Edna is found alive, or rather after Kay and Sam have been sharing her rickety old house in the woods for a couple of days, she appears as if she had never been away, and indeed that may be the case as we learn more about the parameters of this building: think impossible geometry that may be a reflection of the old woman's mental breakdown, and you would be on the right track. Relic was a film that was linked to The Babadook, for they are both Australian horrors directed by women with a strong metaphorical edge, and a lack of self-consciousness whether going blatantly for the jump scare or the spooky, uncanny item of haunting atmosphere.
They each had a family theme, too, though Relic added a generation on The Babadook's mother/young son dynamic to render the grandparent the problematic one. That was really where the comparisons ended, for there was no monster here for the family to cope with, unless you extended that notion to take in the abstract and representational. There were hints throughout that opening hour the house was on its own particular borderland, a game of hide and seek that went drastically wrong here, the central staircase taking a little too long to walk down than seems reasonable there, but it went all out for the weirdness come that final act.

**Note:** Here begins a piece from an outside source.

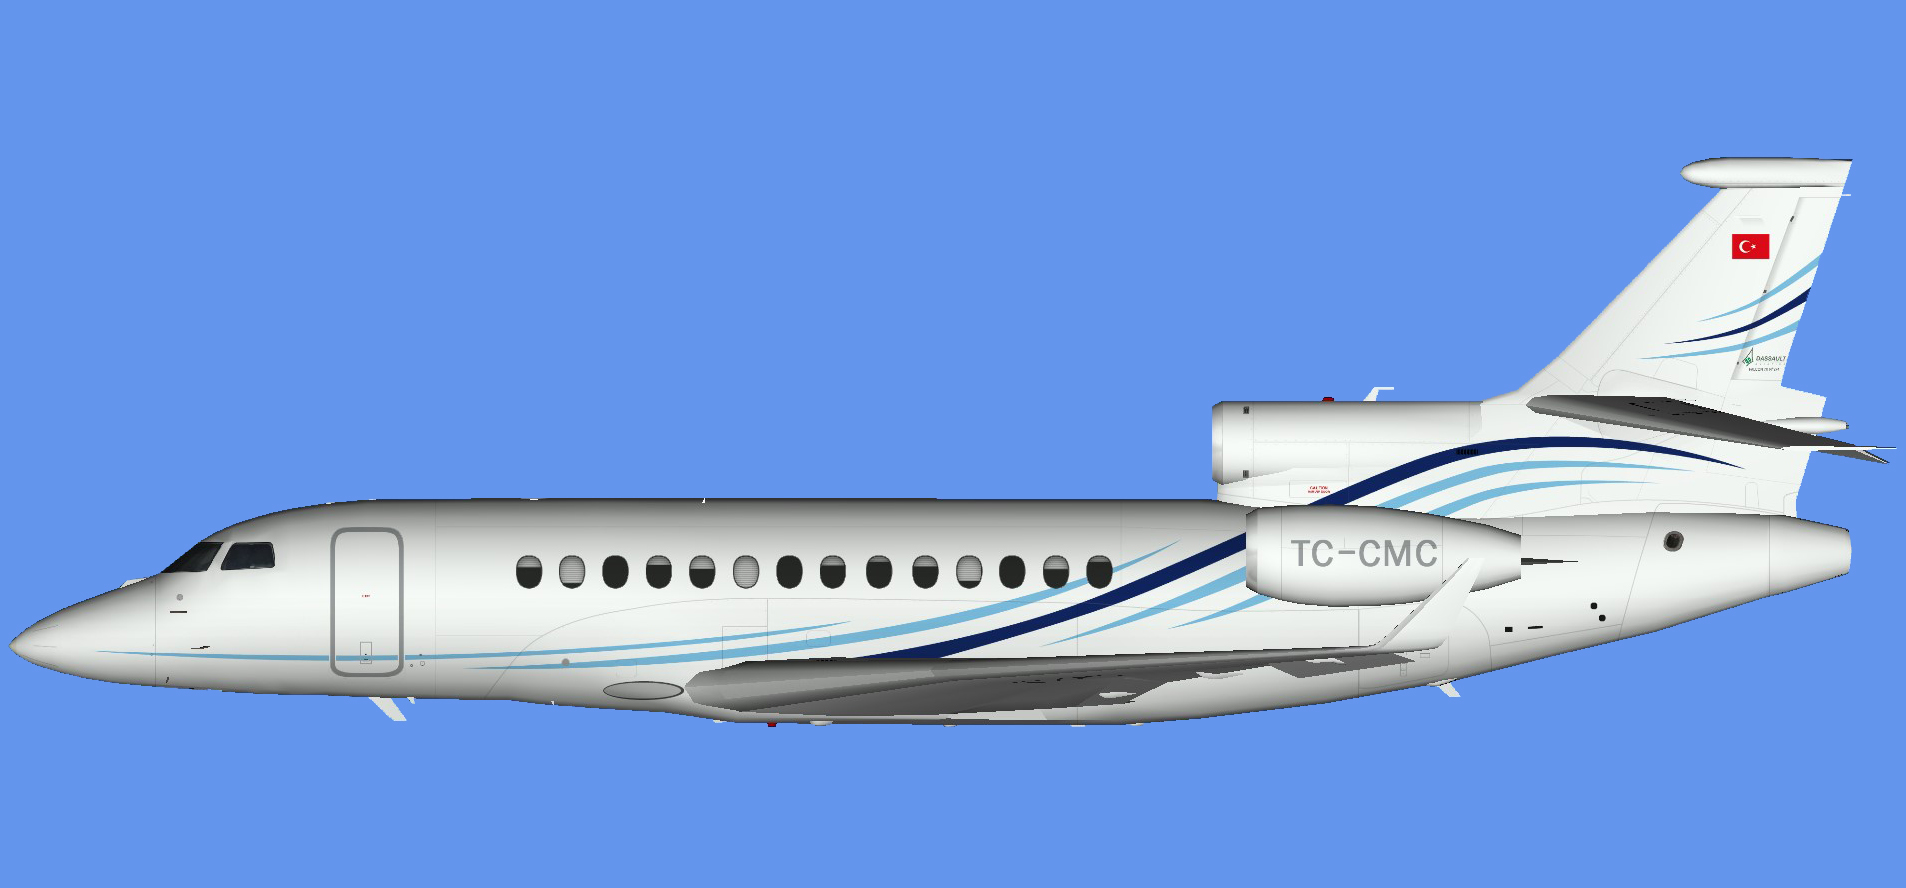 Dassault Falcon 7x TC-CMC

This could have been a tricksy little chiller relying on its intricate production design for effect, yet its low key (for the most part) acceptance that things were going to get worse for everyone, and there was nothing you could do about it except try to be as comfortable as you can, generated a curious Zen calm that was intermittently punctured by the sort of flailing panic that comes from kicking uselessly against the inevitable. We will all grow older, some of us older than others, and some of us will find our bodies breaking down more drastically than others - but some of us will have our minds doing the breaking down, as senility encroaches, and the horror stemmed from the awful knowledge there was nothing we could do about that. Either you see a loved one deteriorate, or you have the dread that your own mind is dissipating.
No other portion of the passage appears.